Like most projects it’s best to start with some low hanging fruit. The dev/test guys are often the first stop on the converged infrastructure (CI) journey. Since this is the team responsible for ensuring your business apps run properly when they go into production, they are constantly tinkering with things and trying to break them. Providing this tech-savvy group with an experimental infrastructure is a good first step. They will poke and prod, pushing the concept of shared-services and pooled resources to its limits.

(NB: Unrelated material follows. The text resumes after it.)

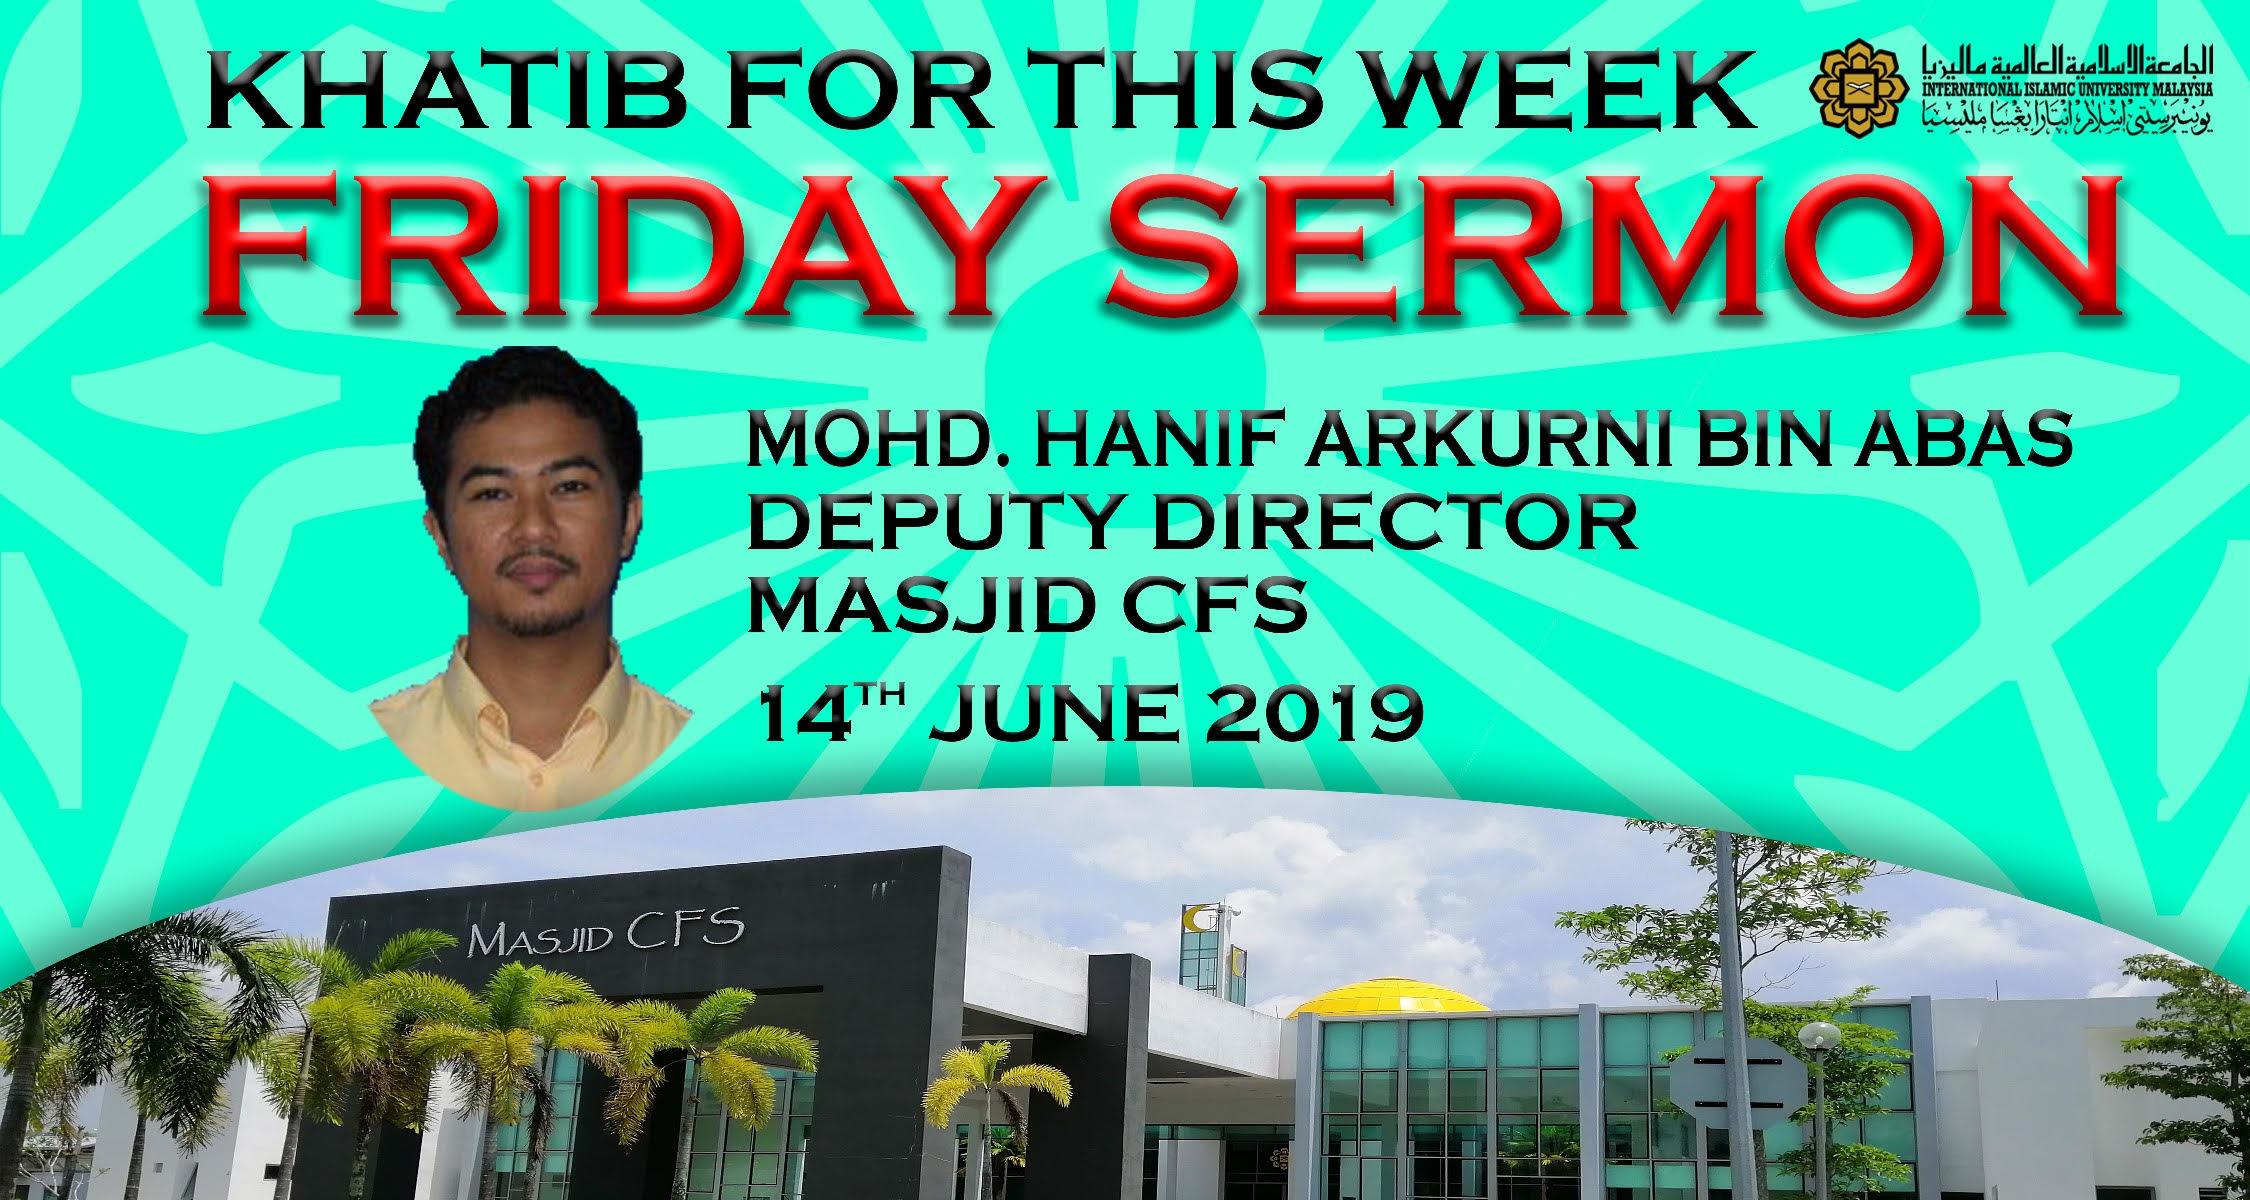 First Friday Prayer at Masjid CFS

On the technical side, there is a lot to consider if you are exploring CI for the first time: federated data centers; stateless architectures that allow resources to be de-coupled from the hardware, firmware and network so that applications, compute and storage are free to be consumed in an as-needed fashion without anyone having to provision them; single-pane-of-glass management consoles; lots of automation to build out a truly hands-off environment; service catalogs so users can pick and choose services a la carte; re-engineering your existing apps to run in a CI/pooled environment; … etc., etc.

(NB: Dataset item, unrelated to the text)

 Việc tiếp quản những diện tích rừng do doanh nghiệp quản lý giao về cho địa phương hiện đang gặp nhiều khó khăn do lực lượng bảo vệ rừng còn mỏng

The list is long and, for the most part, made up of highly technical decisions best debated by your IT guys. But there are also some very common sense things you can do like deciding ahead of time what application — ERP, CRM, HRM, supply chain, etc. — will benefit the most from being migrated onto a CI. This gives you a solid starting point from which you can begin to visualize how this new world of pooled resources will be used by and benefit the company.

You can also look at green-field opportunities; areas in the company that are slated for a technology refresh or where a new technology like virtual desktop (VDI) is being rolled out. Implementing CI here allows you to kill two birds with one stone and can serve as a proof-of-concept install that will highlight the pros and cons of any further CI investments. This also gives you the opportunity to test out vendor reference architectures for various mission-critical apps like SAP or Siebel. Reference architectures are critical aspects of any successful CI roll out.

Adopting CI also means you will have to start thinking of IT in terms of services rather than functions. Decoupling applications from the underlying infrastructure so they can be consumed on-demand requires that IT also adopt a service catalog mentality. This means they should probably look into repeatable frameworks like ITIL or CoBIT. Service catalog is just one of the many steps to achieving a maturity level inside of IT that will allow CI to be deployed and ROI obtained. CoBIT is also a similar framework to ITIL that can help ensure your internal processes are up to speed for CI.

But all of these technical considerations aside, getting away from the old siloed way of thinking may be one of your biggest challenges. Many line of business owners will be reticent to share their computing power for fear these valuable resources will be compromised when they need them. It is getting people to realize that flexibility, scale, ROI, agility, and availability will only be achieve by embracing a new technology architecture that utilizes all available assets all of the time. The new world order businesses must compete in today demands nothing less.